[Directions] Each line of data below is to be returned exactly, leaving out any picture.

[Stored data]

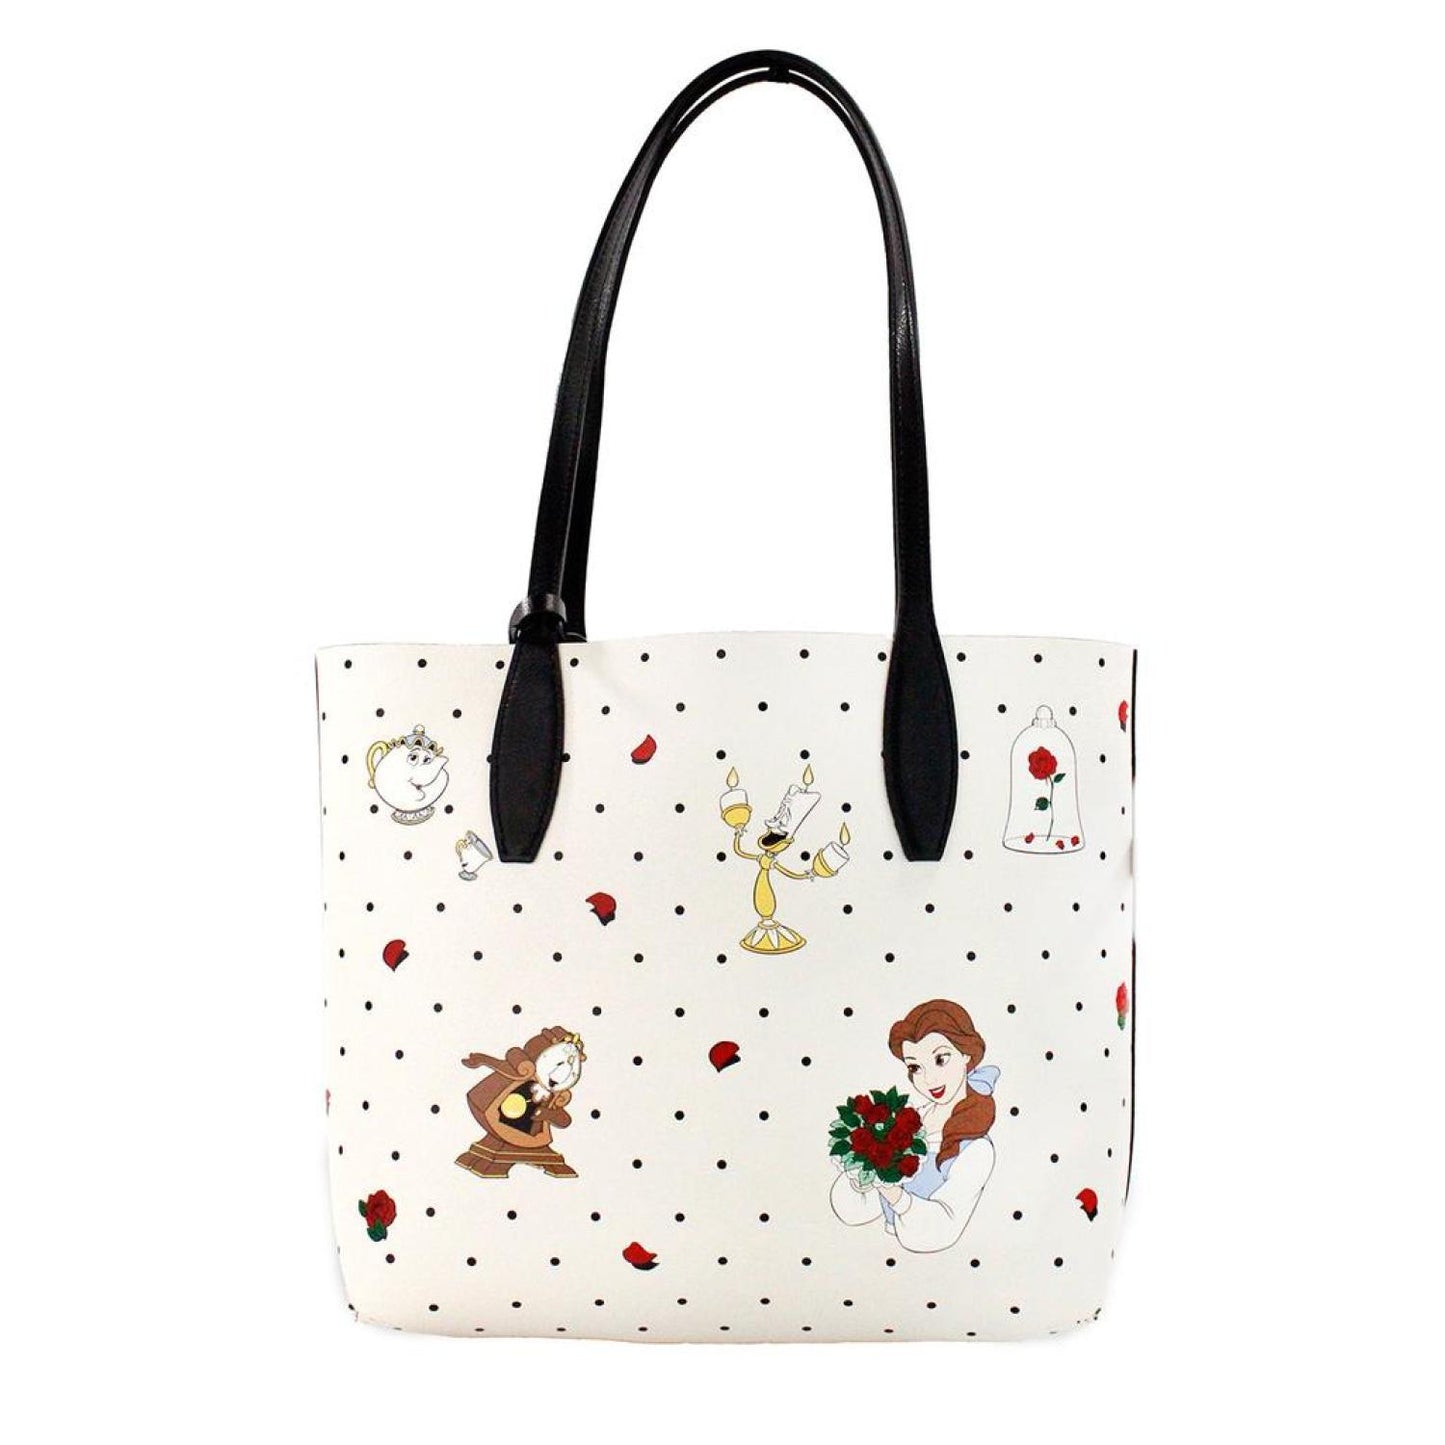 Kate Spade Disney Beauty And The Beast Small Leather Reversible Tote Women's Handbag
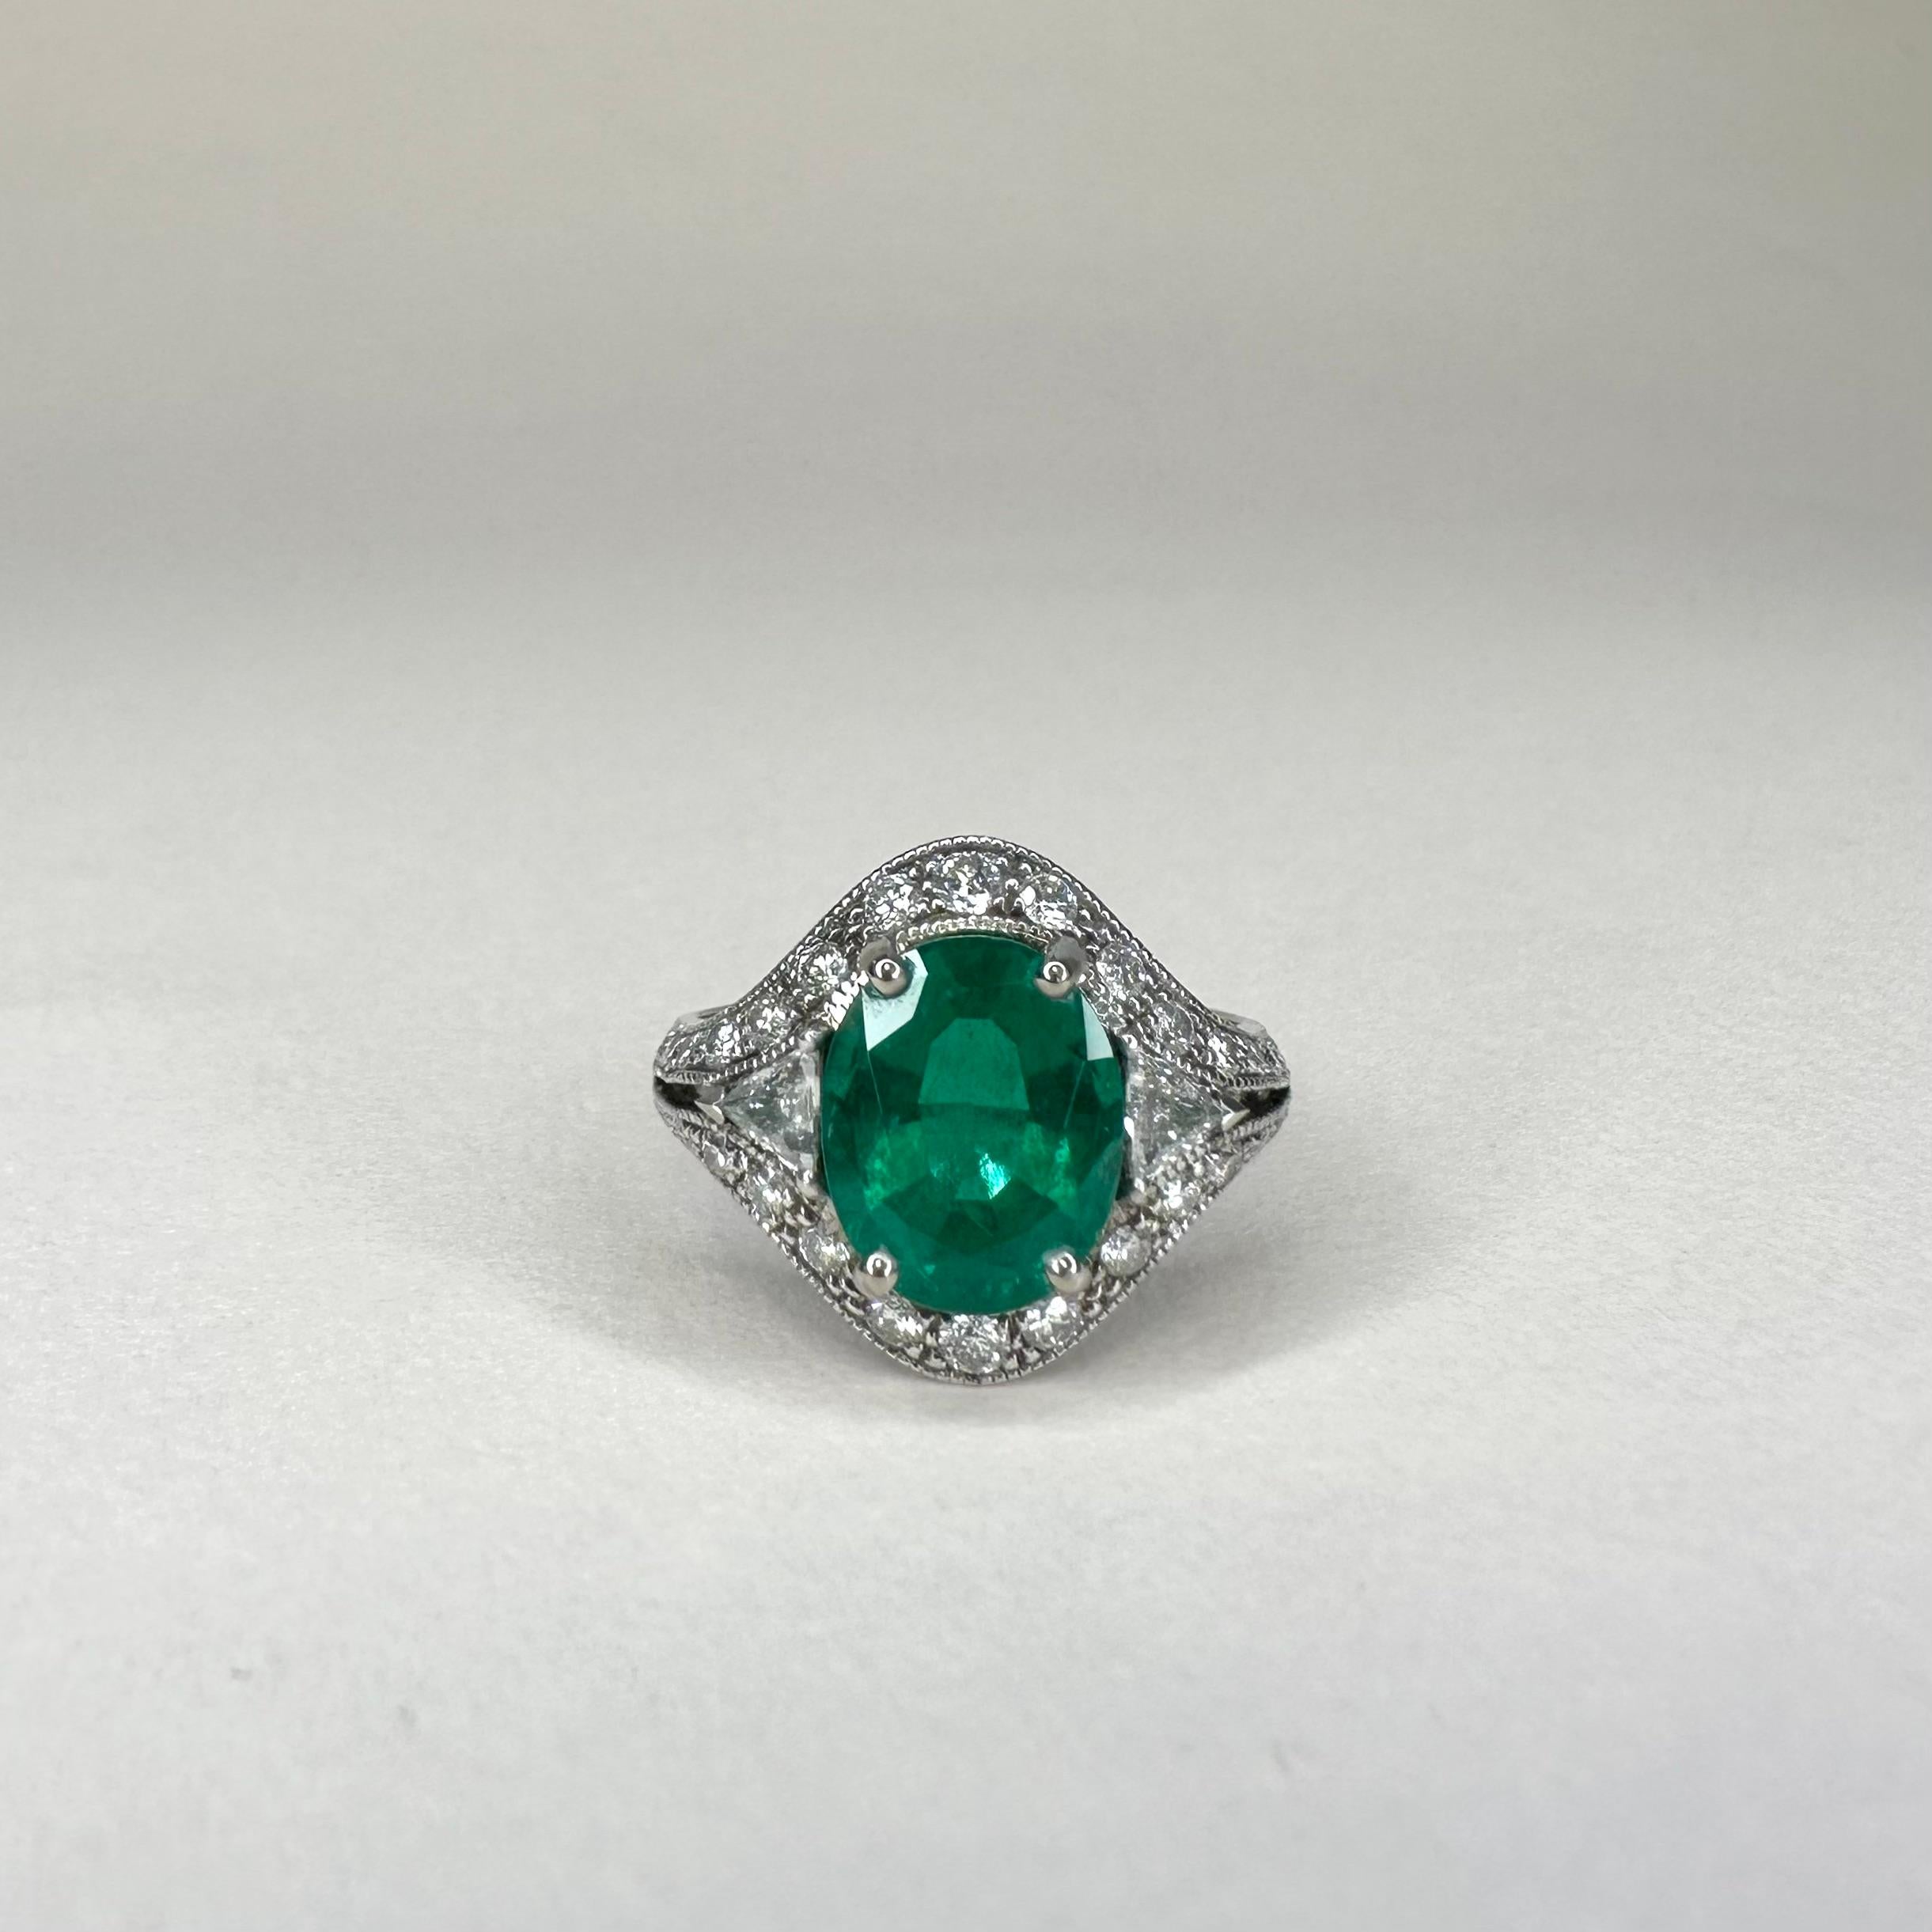 For Sale:  18k White Gold 2.53 Ct Oval Vivid Green Emerald Ring 0.74 Cts of Diamonds 3
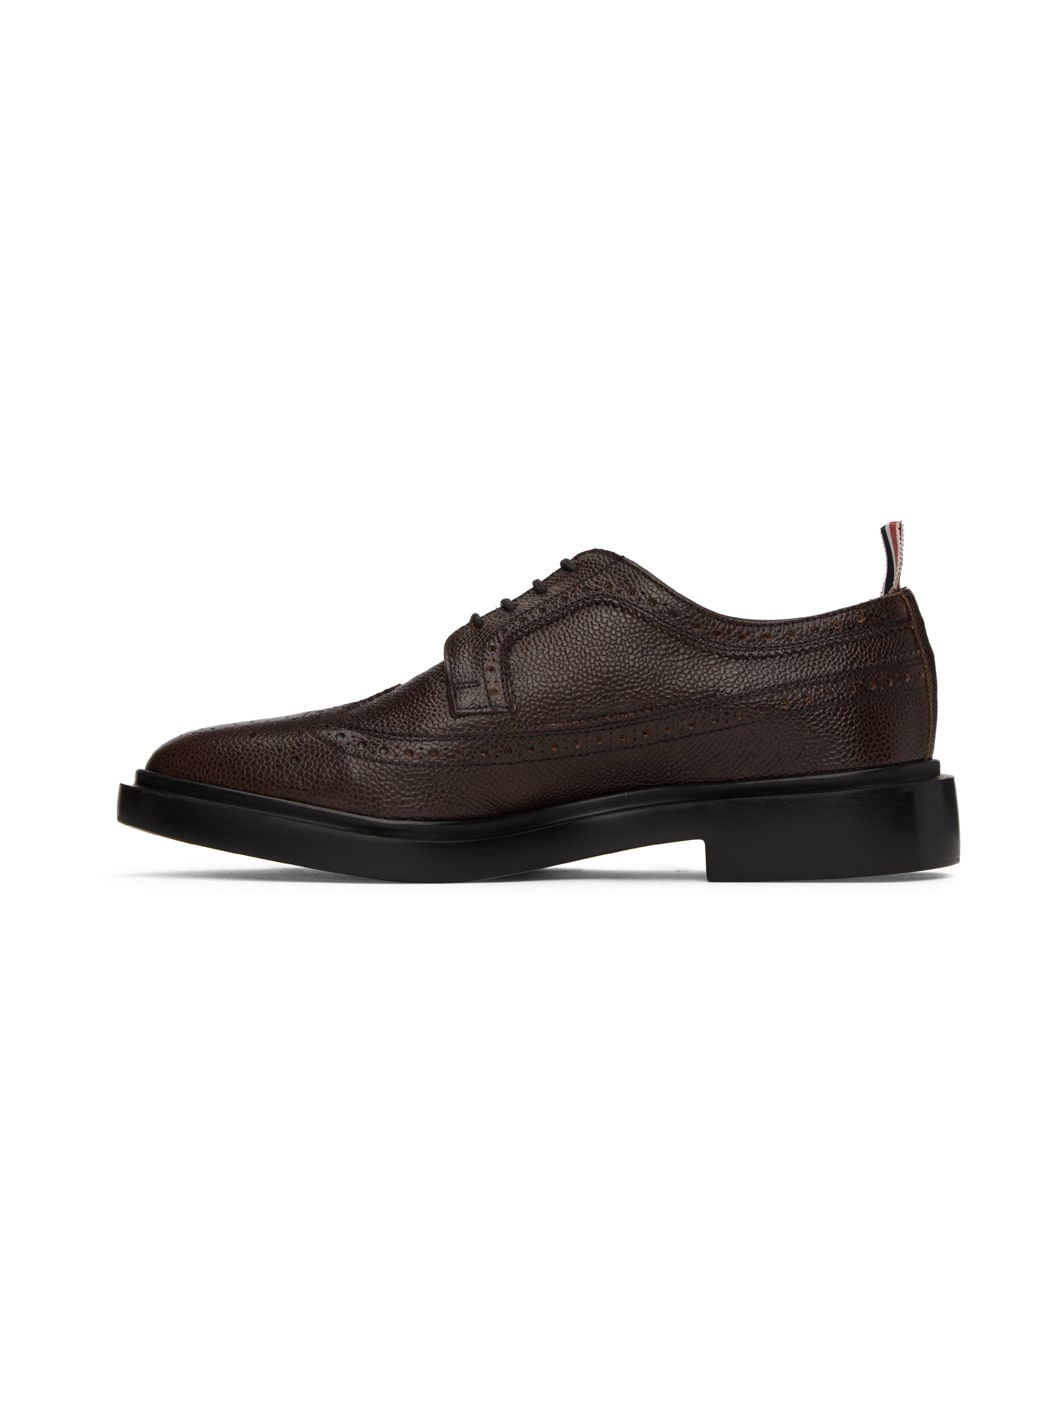 Brown Longwing Oxfords - 3

[/Stored data]

[Exercise answer]
 Kate Spade Disney Beauty And The Beast Small Leather Reversible Tote Women's Handbag
 For Sale:  18k White Gold 2.53 Ct Oval Vivid Green Emerald Ring 0.74 Cts of Diamonds 3
 Brown Longwing Oxfords - 3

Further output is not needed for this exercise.